• _What this task involves_
Repeat the data verbatim, images excluded.

Segment Start: Data provided

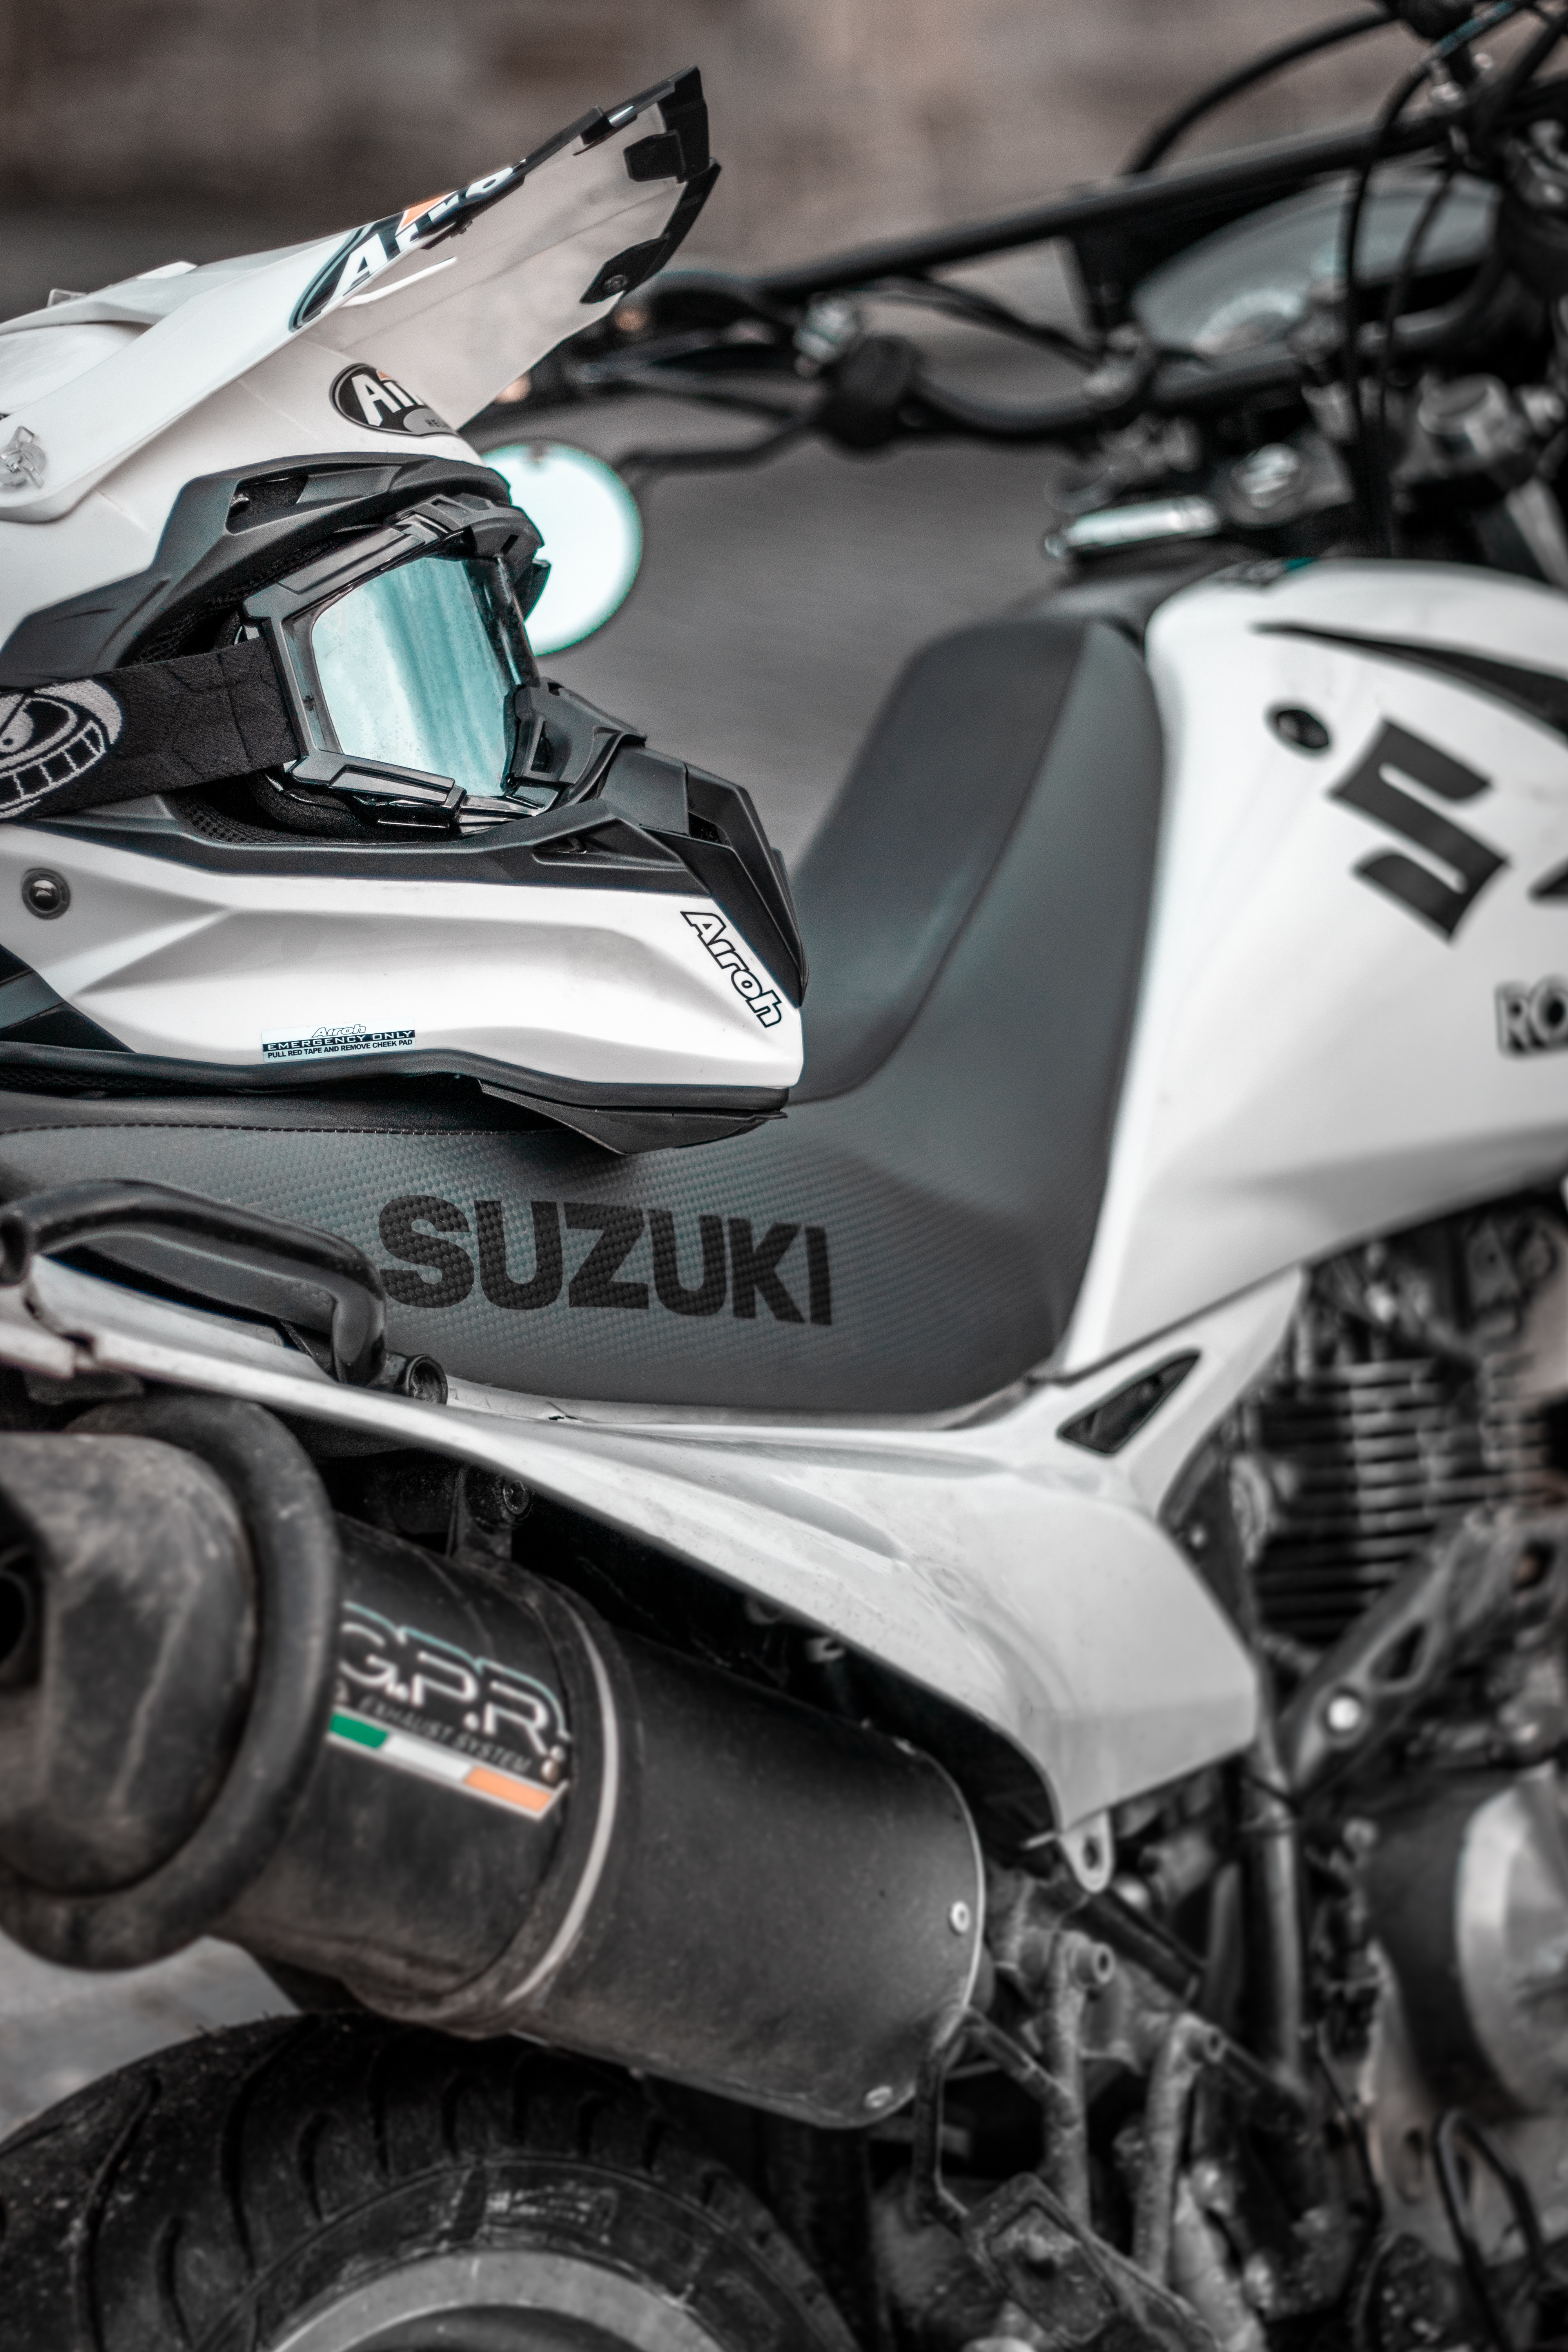 72016 скачать обои сузуки (suzuki), мотоциклы, мотоцикл, шлем, байк - заставки и картинки бесплатно
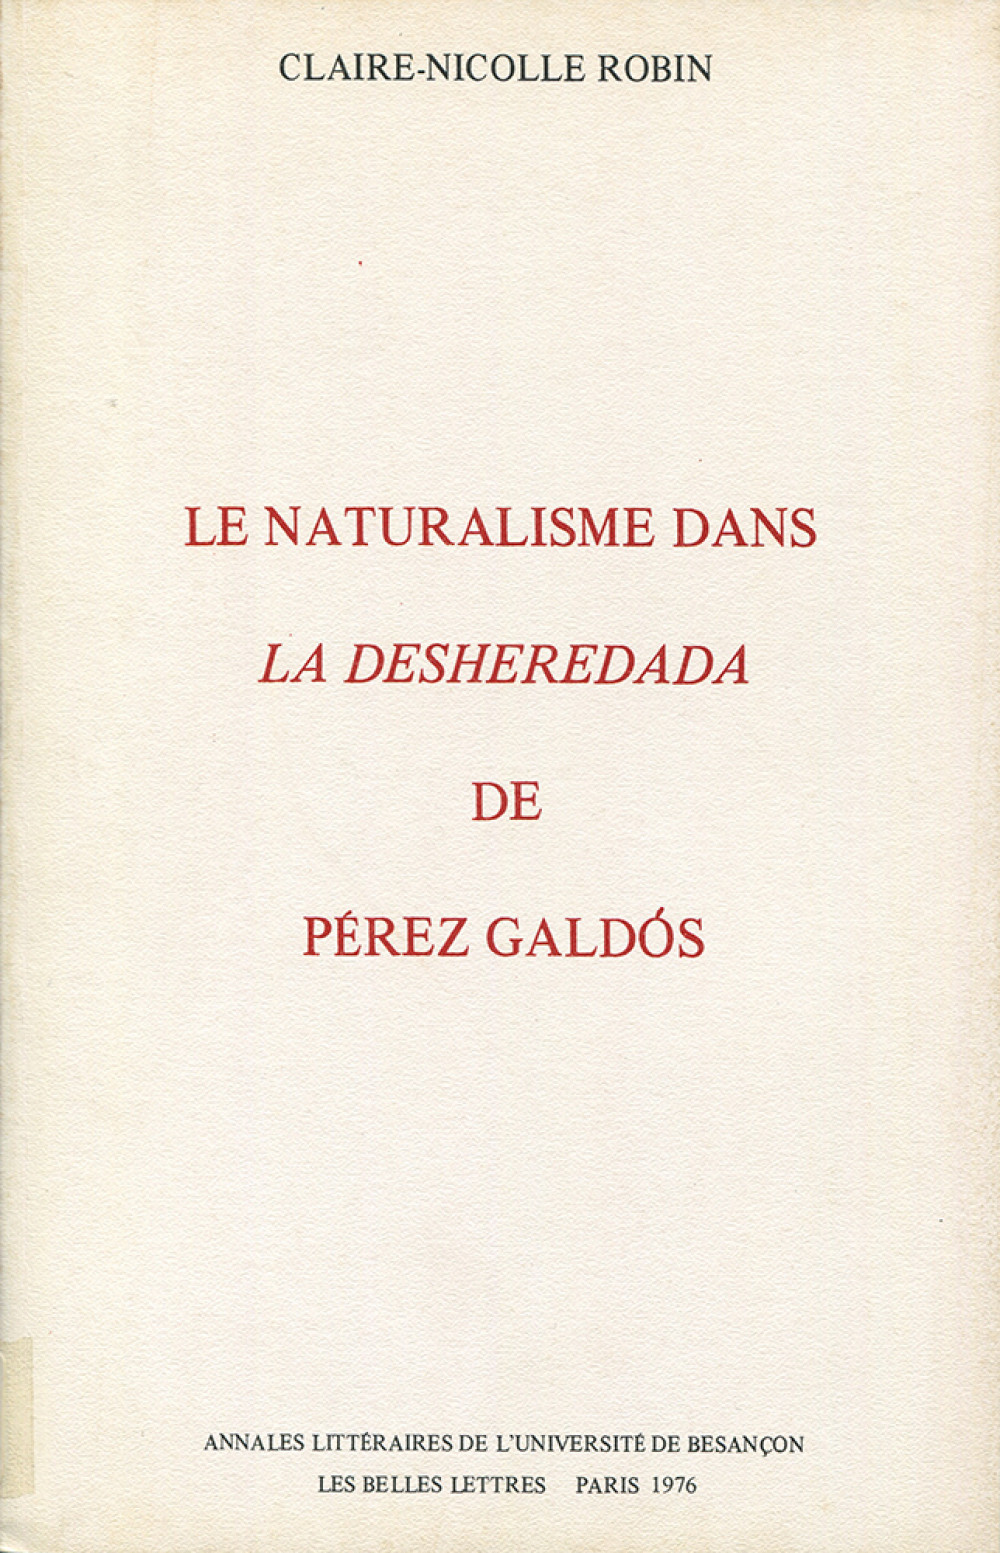 Le naturalisme dans la Desheredada de Perez Galdoz
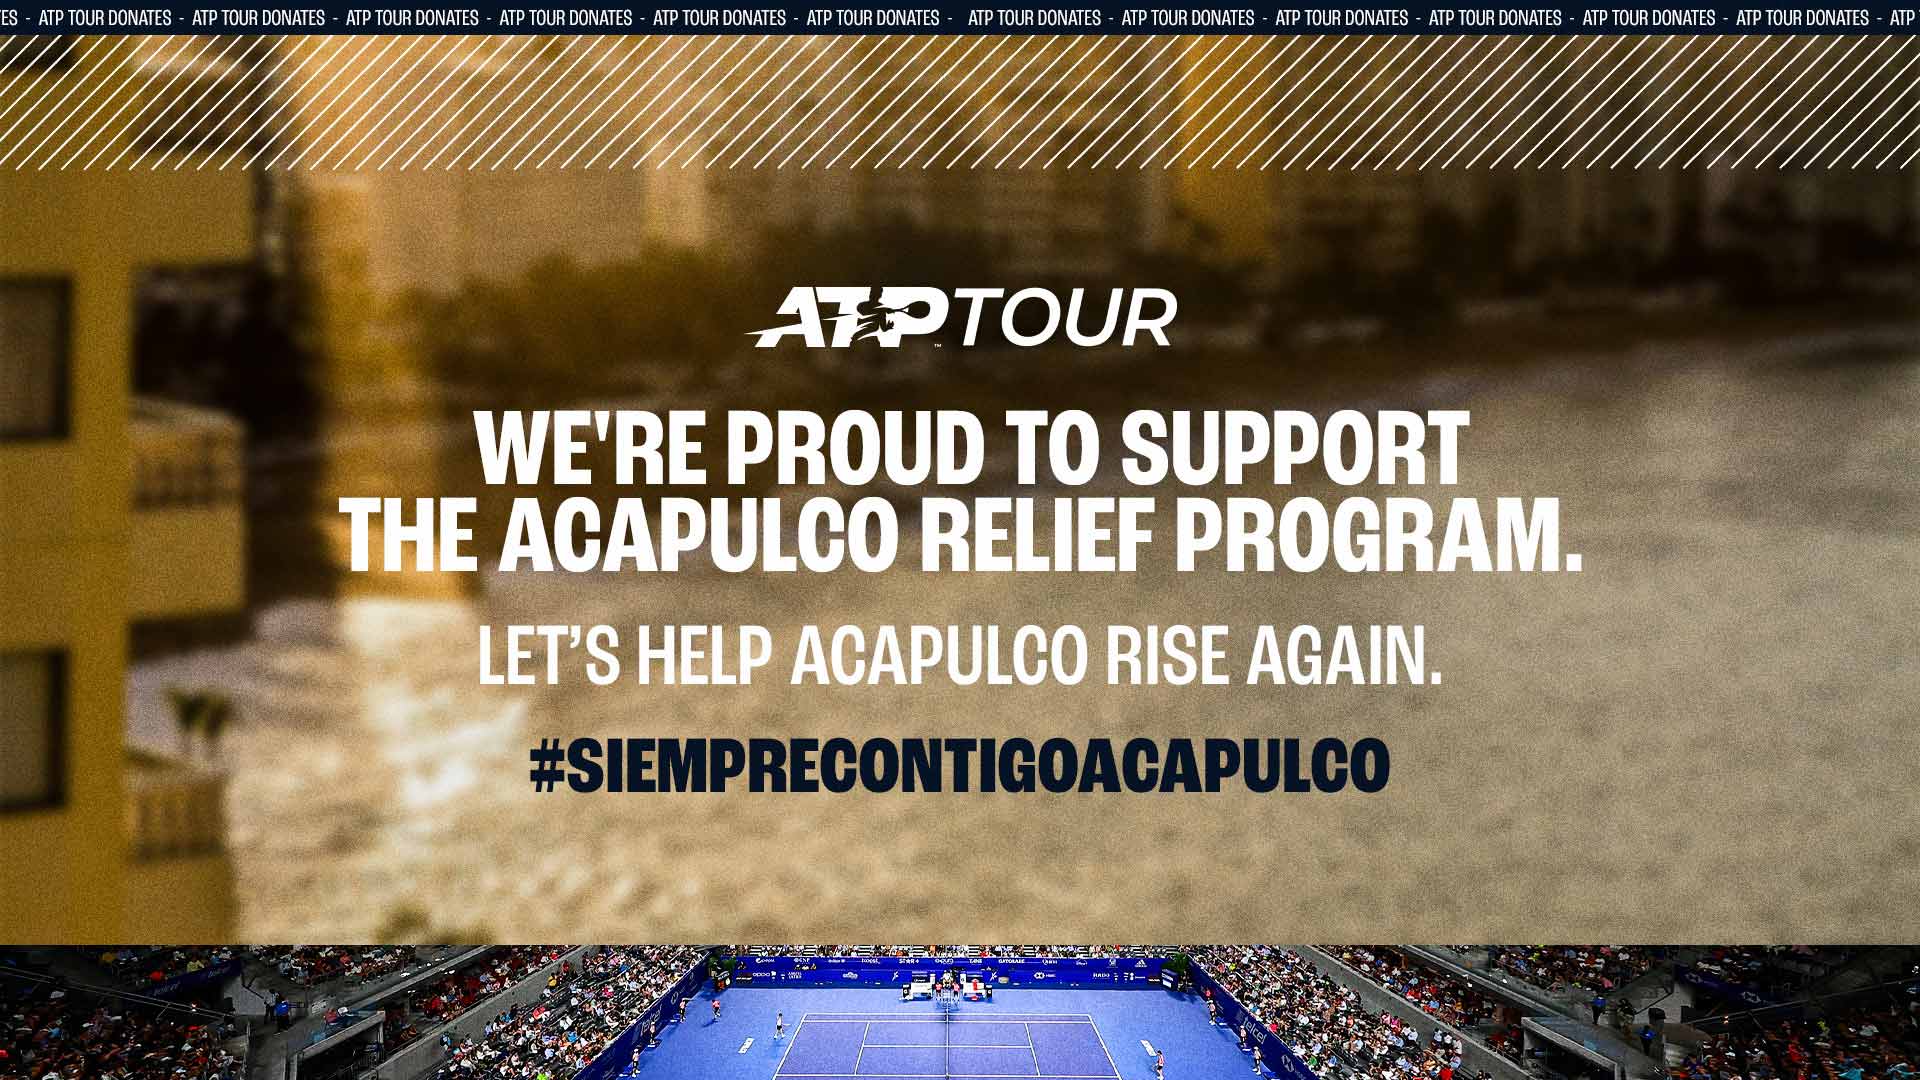 ATP donates to Acapulco relief efforts

Segment End: Data provided

• _Exercise response_
 72016 скачать обои сузуки (suzuki), мотоциклы, мотоцикл, шлем, байк - заставки и картинки бесплатно
 Le naturalisme dans la Desheredada de Perez Galdoz
 ATP donates to Acapulco relief efforts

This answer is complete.